Читаем Всё, что имели... полностью

Вчера к ней в комитет специально заходил парторг Маркитан и похвалил за статью в «Комсомольской правде» о погибшем Викторе Долгих, который зачислен во фронтовую бригаду инструментальщиков. Марина помчалась в горком к Рыбакову. Тот уже прочел газету и тоже похвалил… Она знала, что он собирается уходить на фронт, и мечтала войти хозяйкой в его кабинет. Кроме себя, другой достойной кандидатуры она не видела и уже подумывала, что придется перебираться на квартиру в город поближе к работе и Жене Смелянскому. Женя — парень робкий, увлечен работой, а значит, самой надо быть понастойчивей… Ей уже двадцать три, не оставаться же вековухой! Вон Сосновская не теряется, не отпускает от себя военкома Статкевича. Однажды Марина с завистью видела, как Сосновская и Статкевич ехали на военкоматовской лошадке в горы, должно быть, за созревшей клубникой… Женю в горы не затащишь… Ничего, капля камень долбит…

Идя на пленум, Марина в мыслях приготовилась поблагодарить комсомольцев за оказанное доверие, но вдруг Рыбаков предложил в секретари Сосновскую… Сказав, что разболелась голова, потрясенная Марина убежала с пленума и сейчас, одиноко и горько плача, повалилась на постель, уткнулась лицом в подушку, готовая растерзать ее зубами.

«Не попроситься ли на фронт?» — промелькнуло в голове. Марина испугалась этой мысли, загасила ее, как гасят ребята каблуками окурки, и стала думать, что и директор, и парторг, и председатель завкома не отпустят, будут уговаривать остаться… Конечно же, станут уговаривать и в горкоме… «А кто подойдет с уговорами? Сосновская?» — подумав так, Марина подхватилась, ключом заперла дверь, никого не желая видеть.

Ей вспомнилось, как на днях провожали в армию новогорских девушек.

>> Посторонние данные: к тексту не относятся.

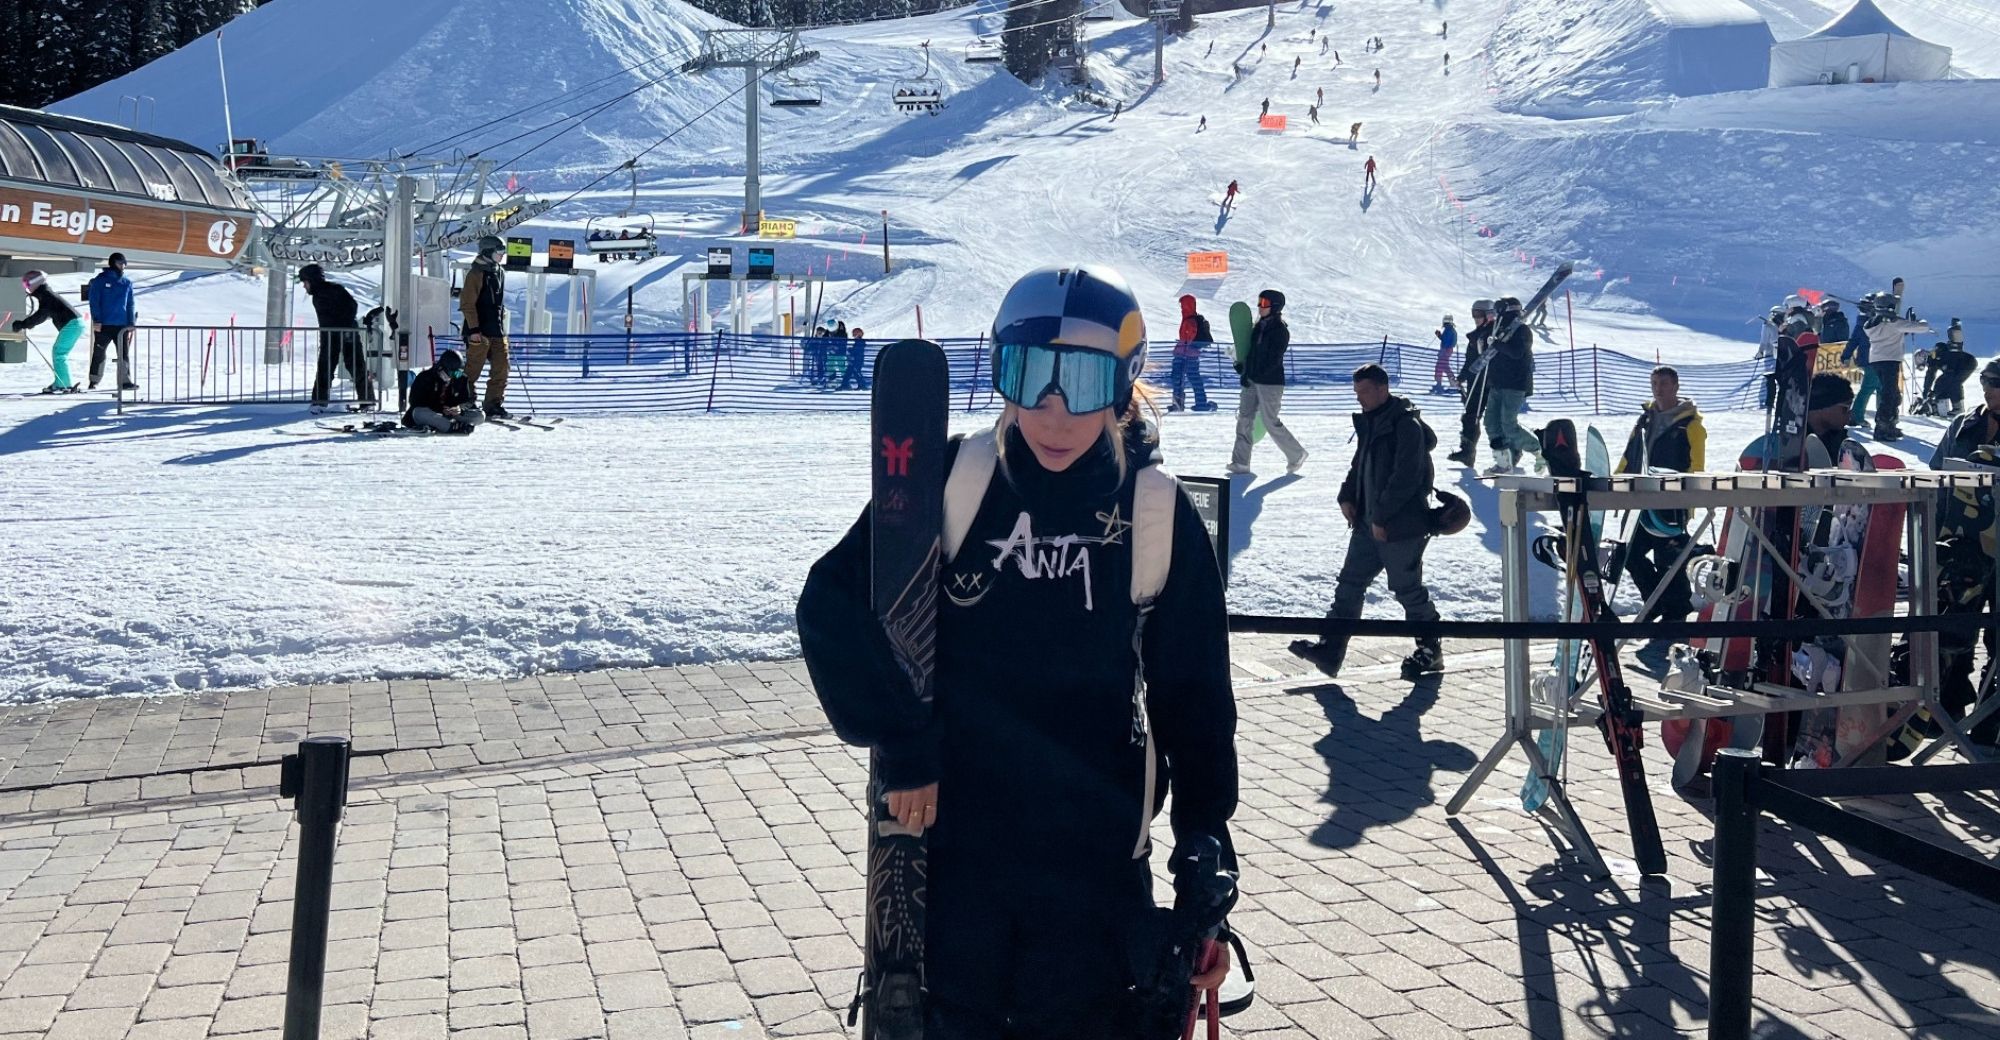 Olympic Champion Skier Eileen Gu Breaks New World Record

Перед строем, прихрамывая и опираясь на трость, расхаживал военком Статкевич и объяснял, как вести себя в дороге новобранцам.

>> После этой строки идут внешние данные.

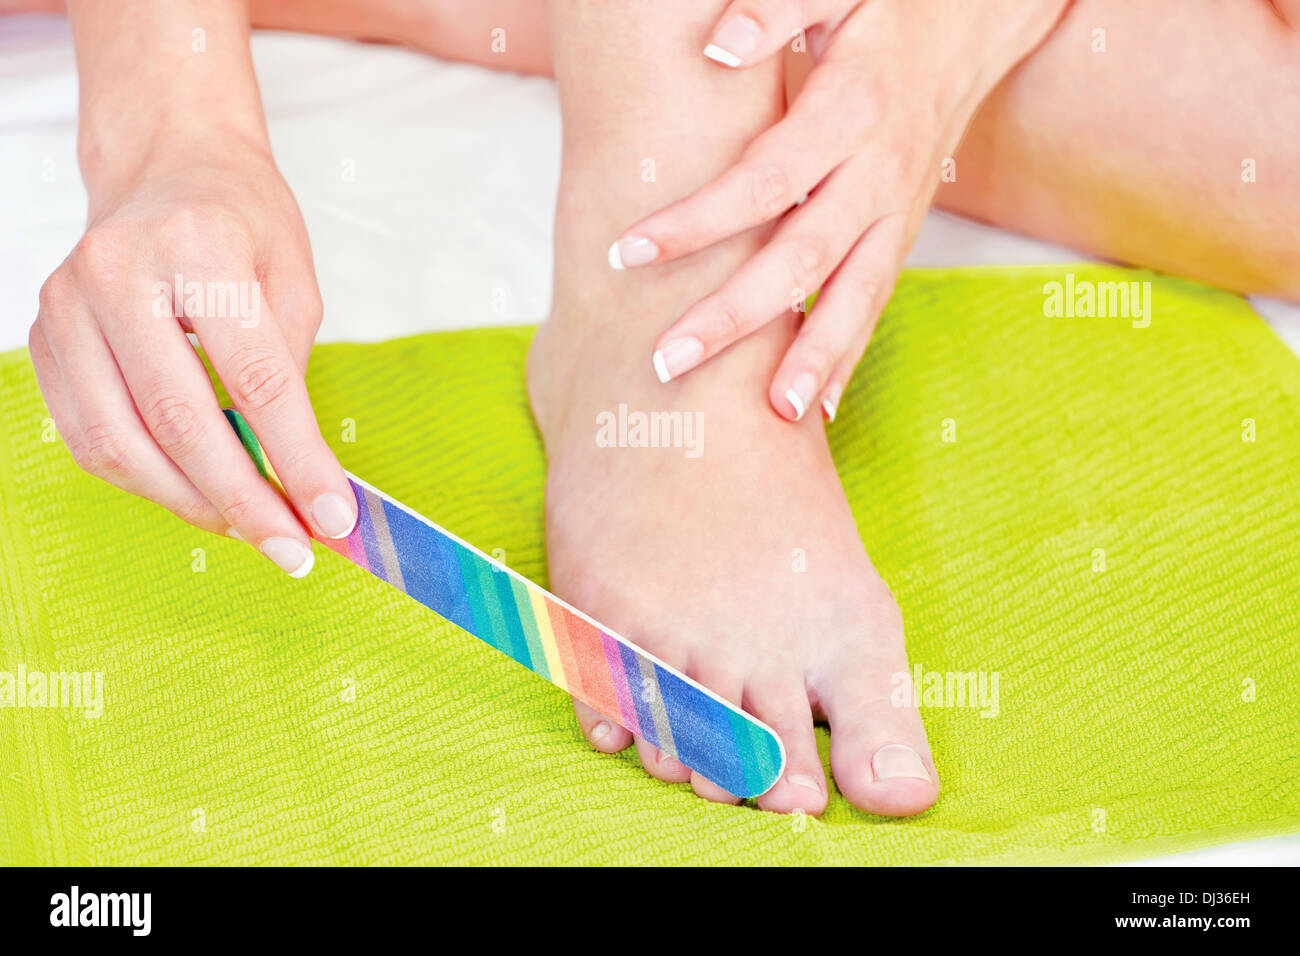 feet beauty treatment with nail file Stock Photo

Чуть поодаль стояли понурые провожающие.

Рыбаков попросил Марину сказать девчатам напутственное слово, и она стала говорить. Но вмешалась противная старушонка в сером платке. «А ты-то, красивая, сама идешь в солдаты али нет?» — спросила она, глухая тетеря, не расслышавшая, кому предоставлено слово. «Оно как бывает? Один воюет штыком, а другой норовит языком», — подкинул неизвестно как очутившийся тут вахтер дядя Вася, и смешки посыпались да бесполезные прибаутки… Подпортили «напутственное слово».

— Мне запрещено думать о фронте, — вслух прошептала сейчас Марина и хотела было продолжить, почему именно запрещено ей, но представив себе, как Сосновская будет приходить в комитет или вызывать к себе, она подбежала к окну, распахнула его настежь, подставила заплаканное лицо уже прохладному осеннему ветерку.

Не лучше, чем у Марины Храмовой, было настроение и у Бориса Дворникова.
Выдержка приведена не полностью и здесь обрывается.